**Task prompt**
The response must be the exact lines from the line holding "An outside seating" through the end of the entries, with no pictures and nothing else.

**Records from a dataset**
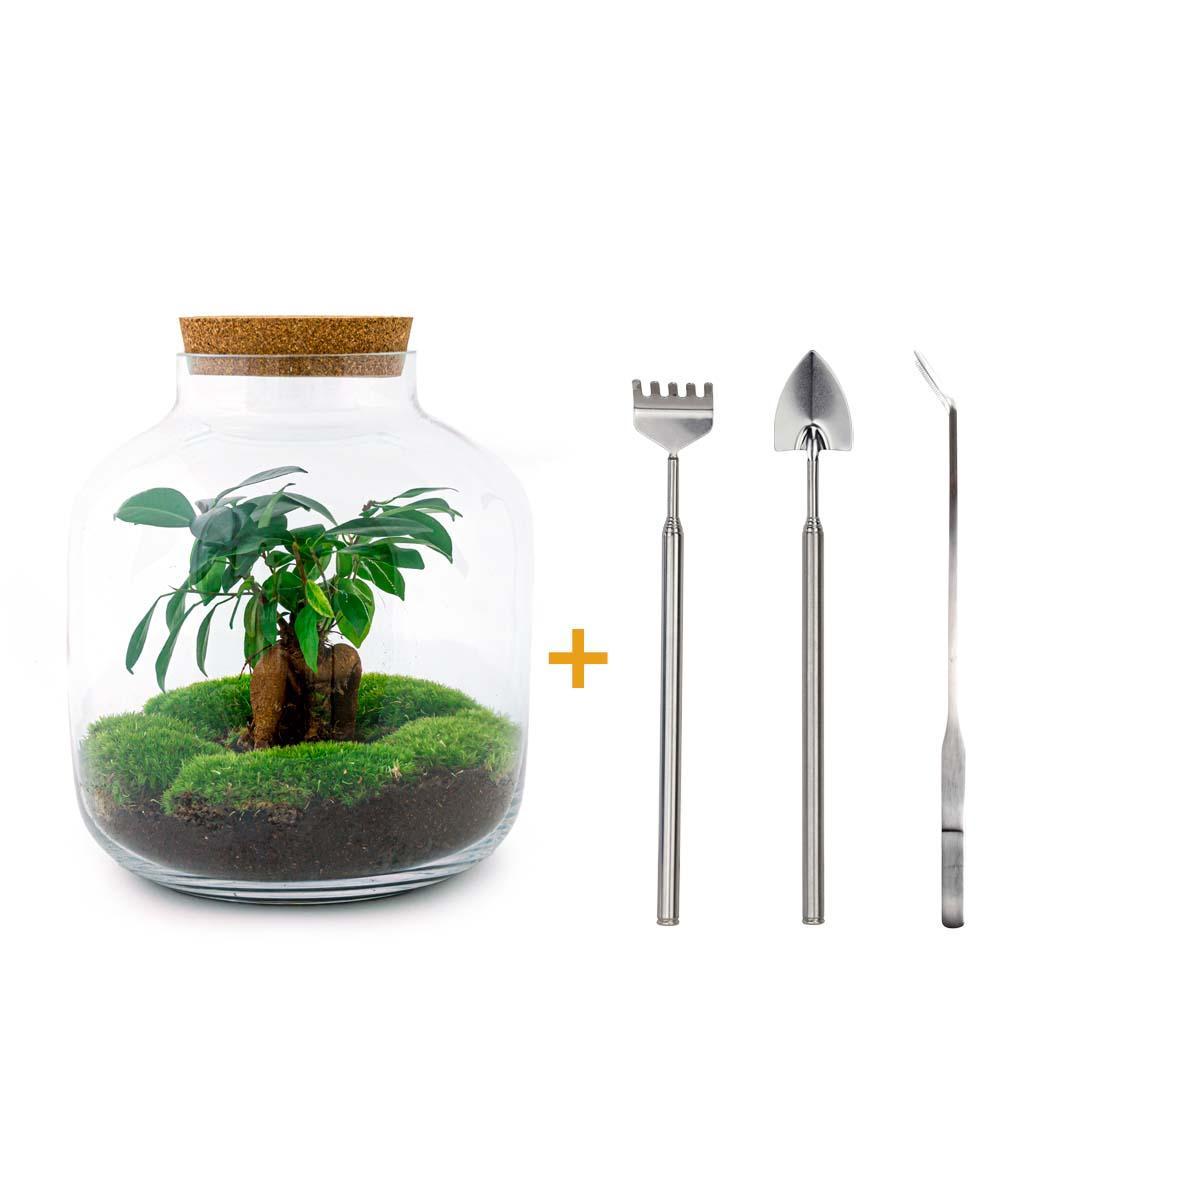 DIY terrarium - Billie - ↑ 29 cm + Rake + Shovel + Tweezer
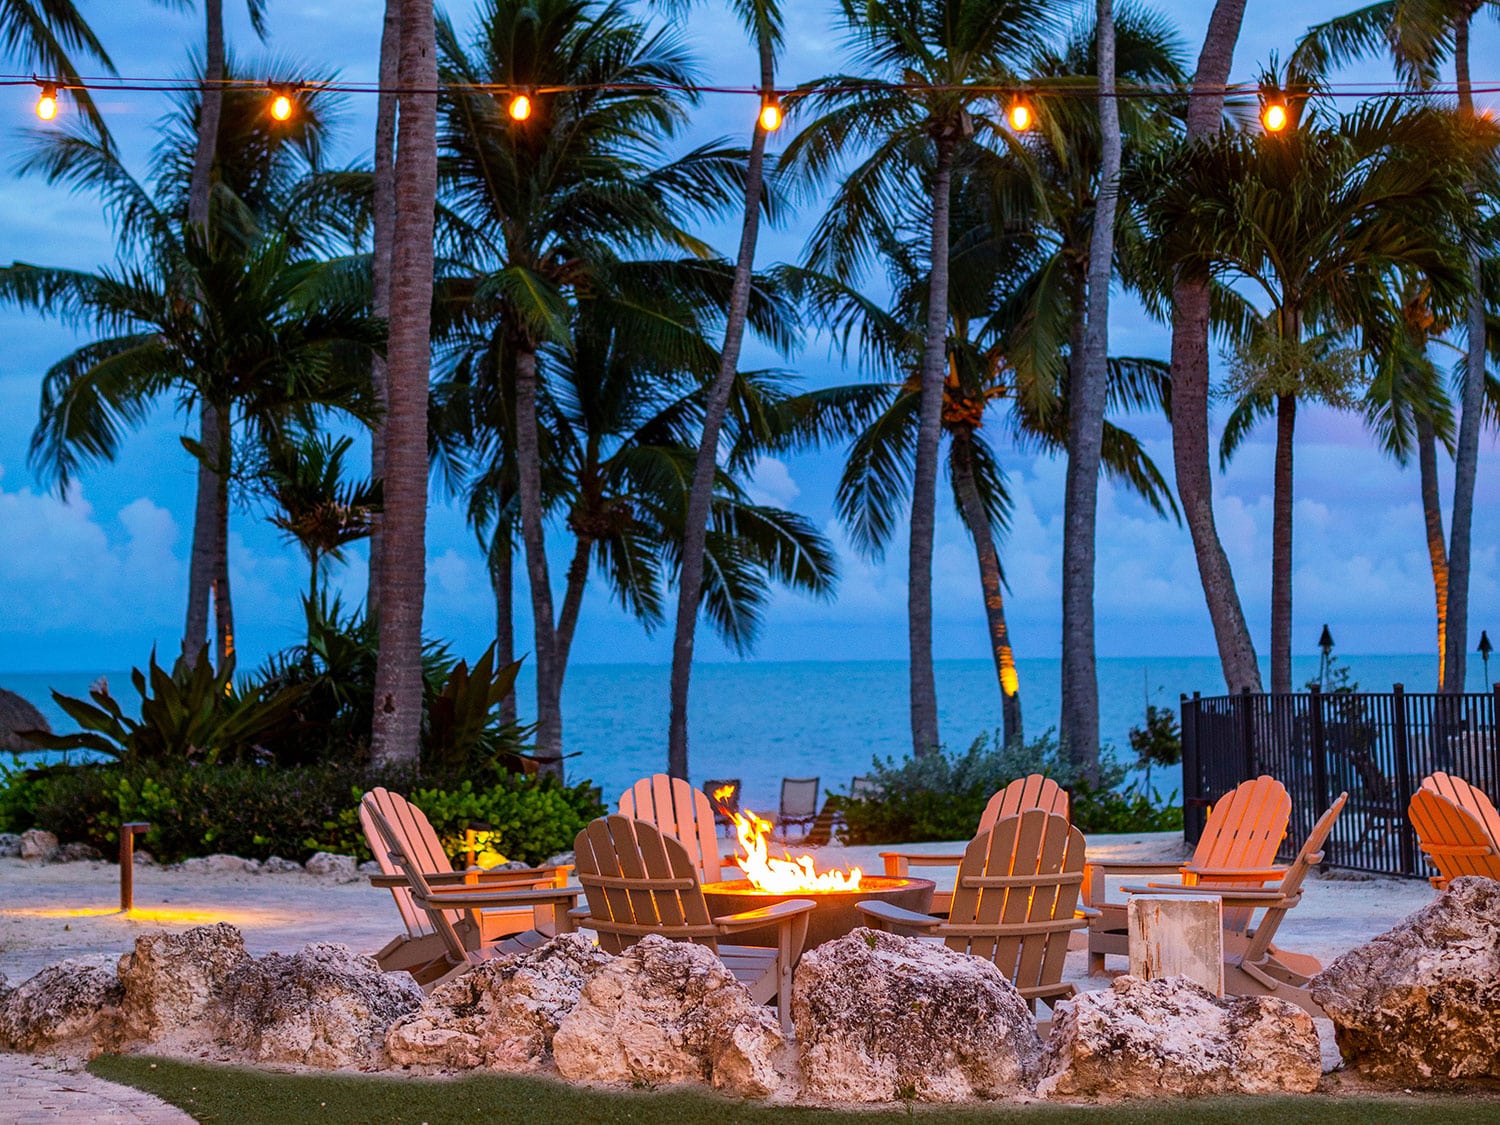 An outside seating area in the evening at Amara Cay Resort in Islamorada, Florida.
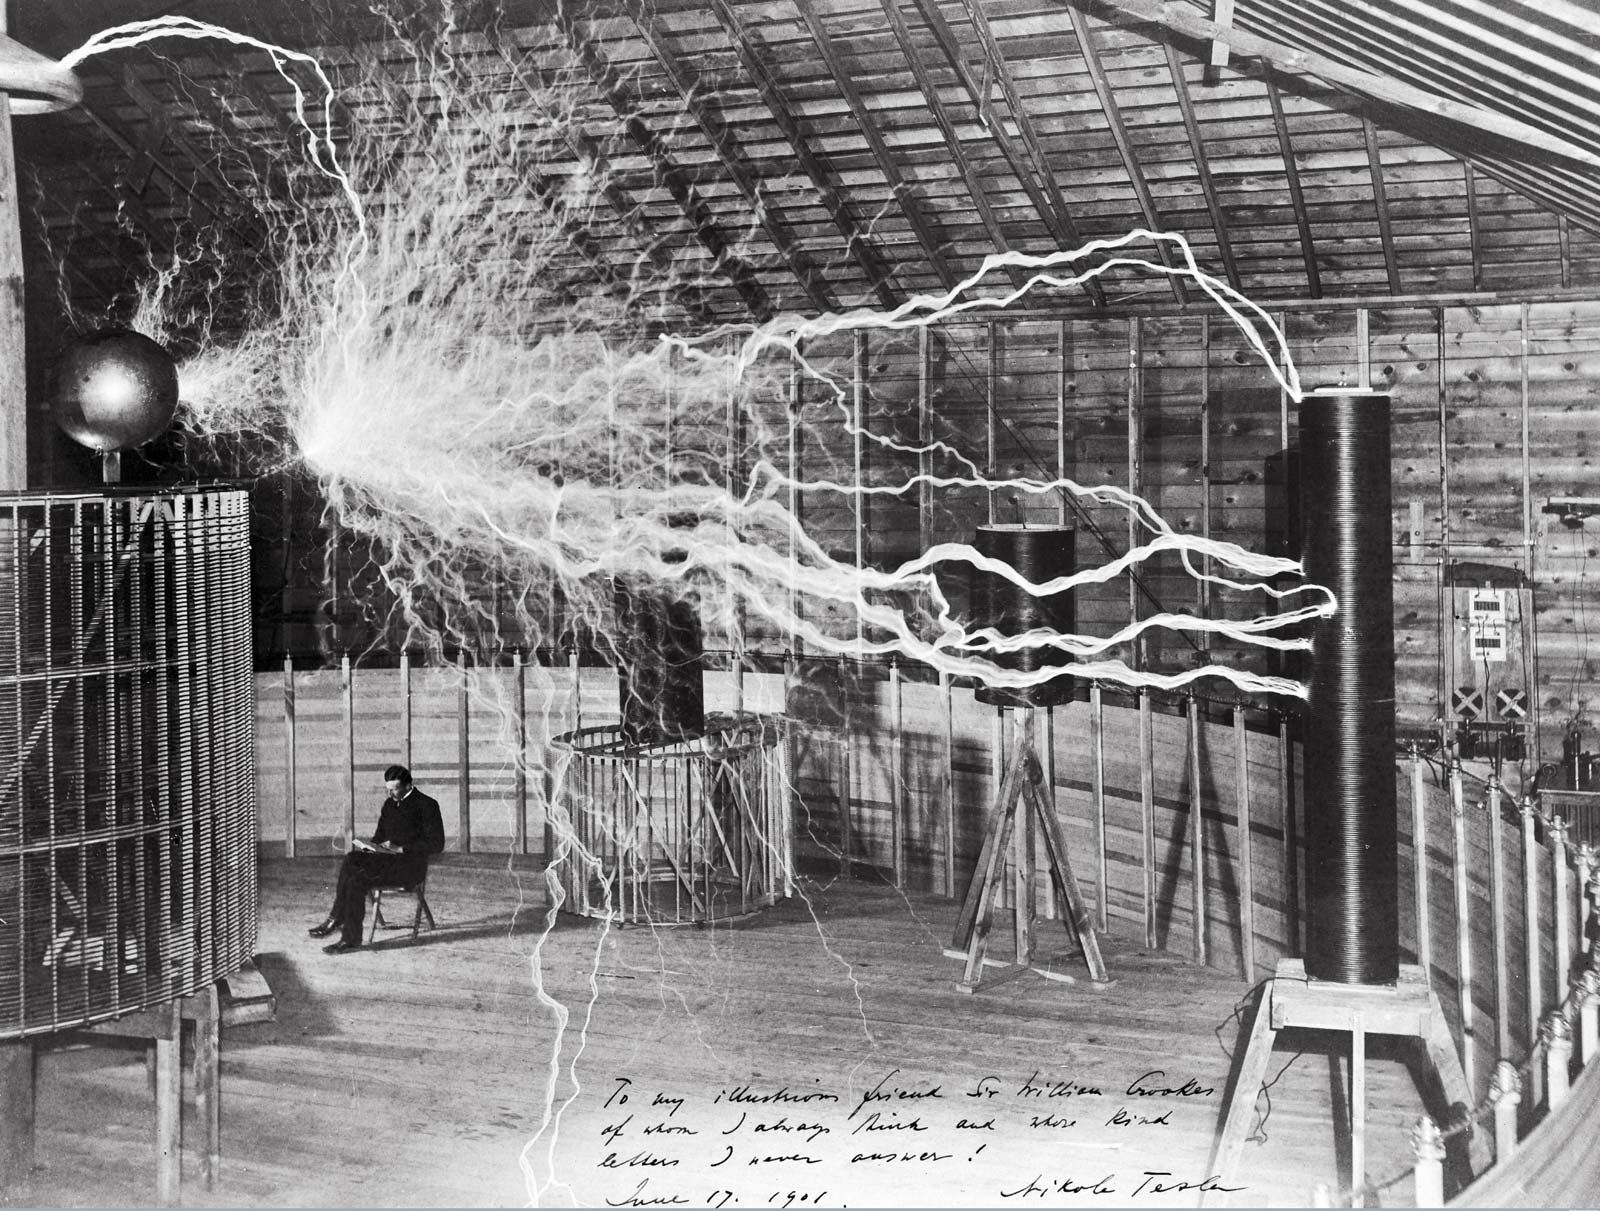 Nikola Tesla's contributions
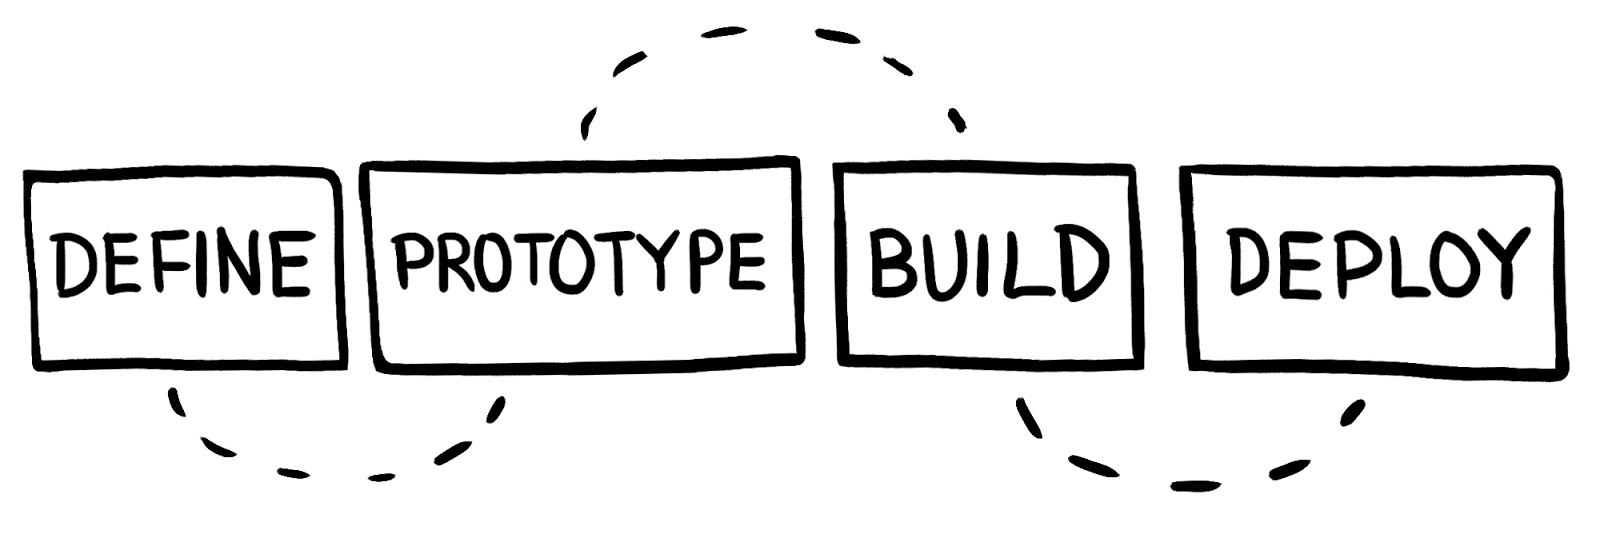 dashboard design process: Define>Prototype>Build>Deploy
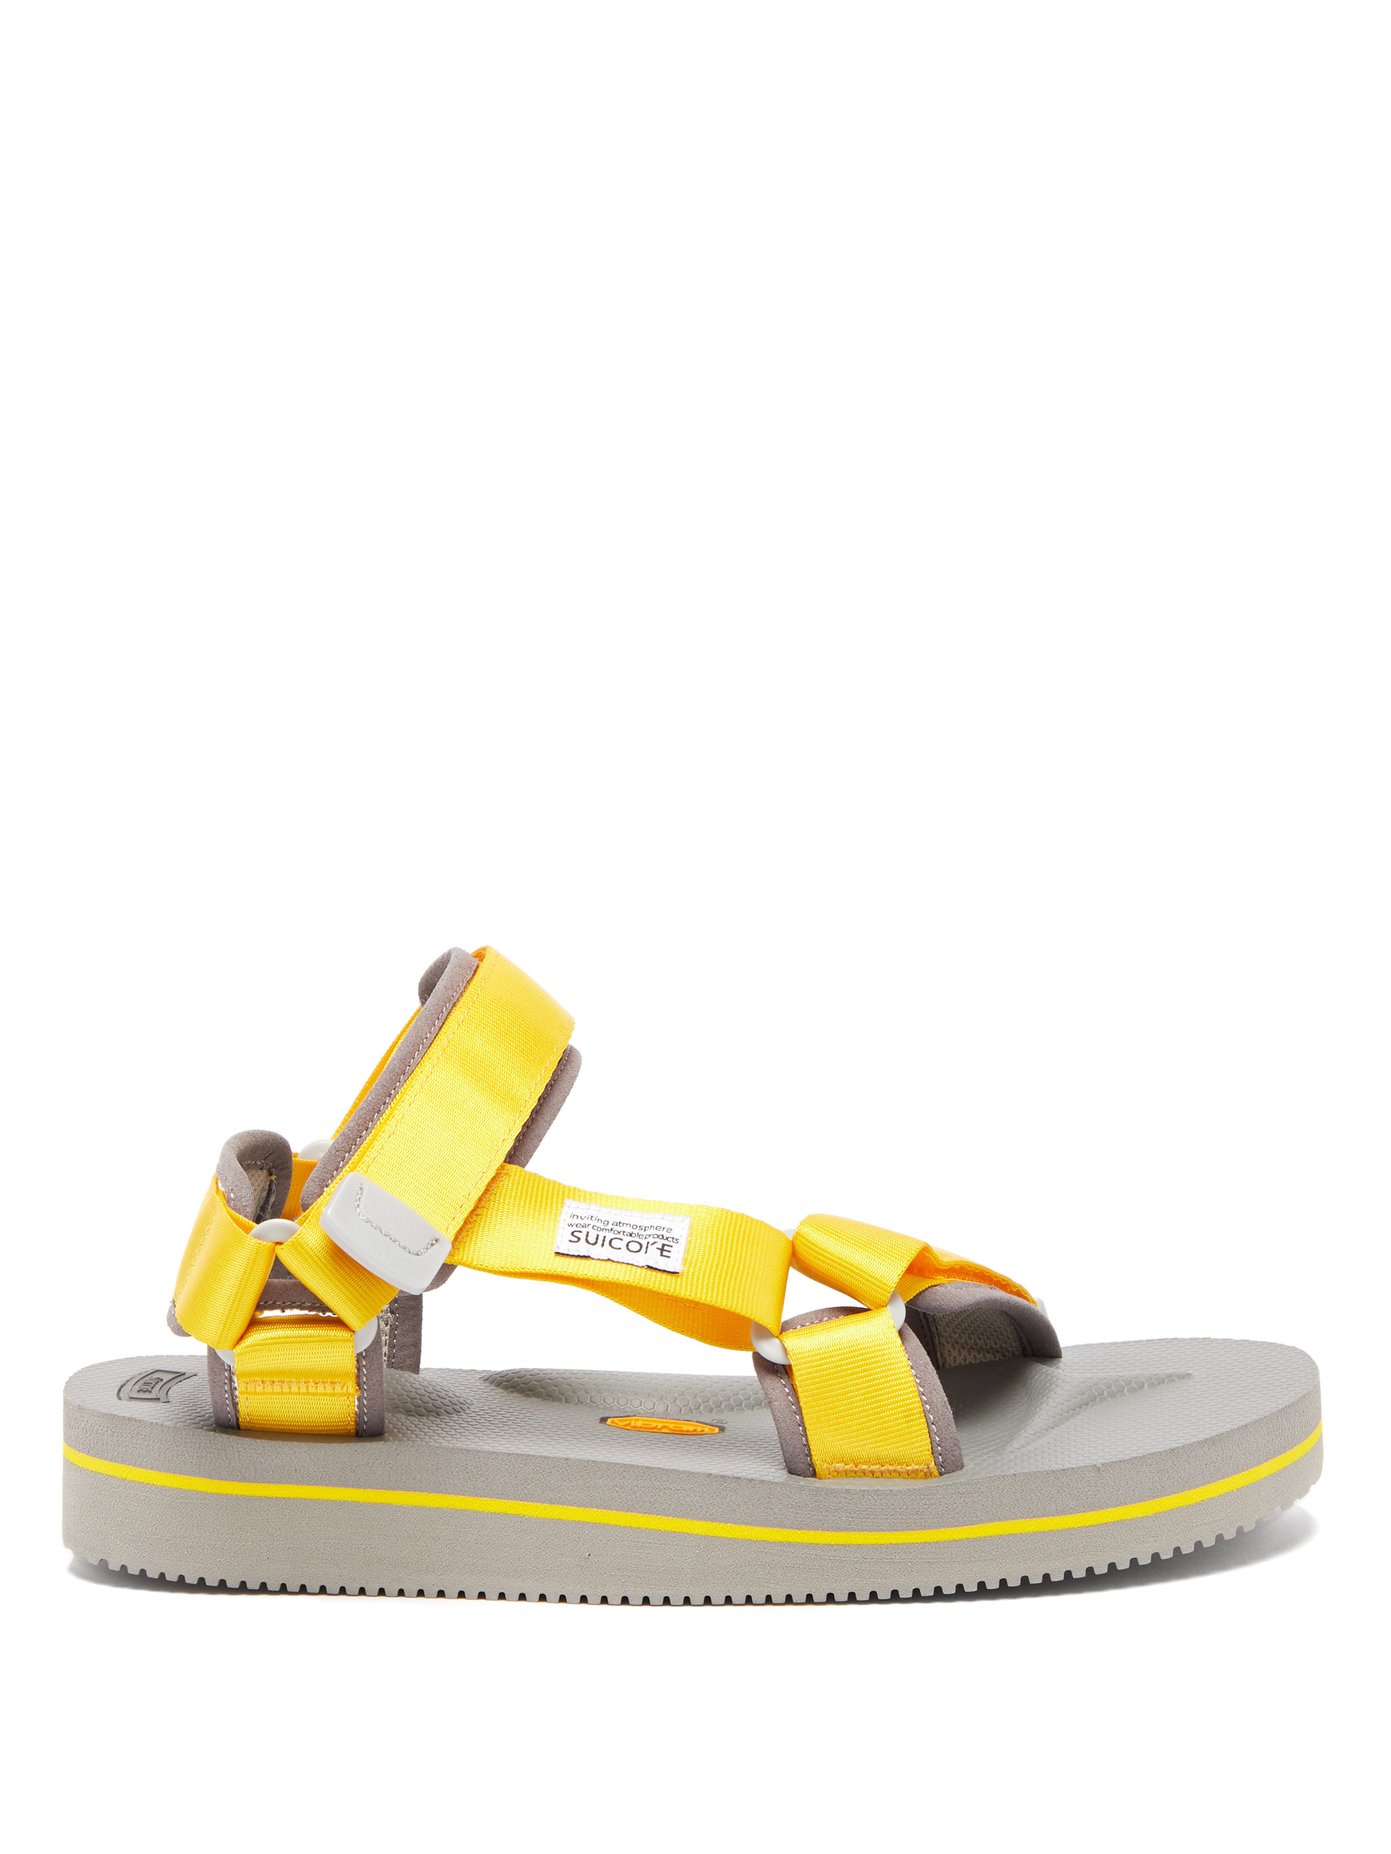 Depa-V2 technical sandals | Suicoke

**Result for this exercise**
 An outside seating area in the evening at Amara Cay Resort in Islamorada, Florida.
 Nikola Tesla's contributions
 dashboard design process: Define>Prototype>Build>Deploy
 Depa-V2 technical sandals | Suicoke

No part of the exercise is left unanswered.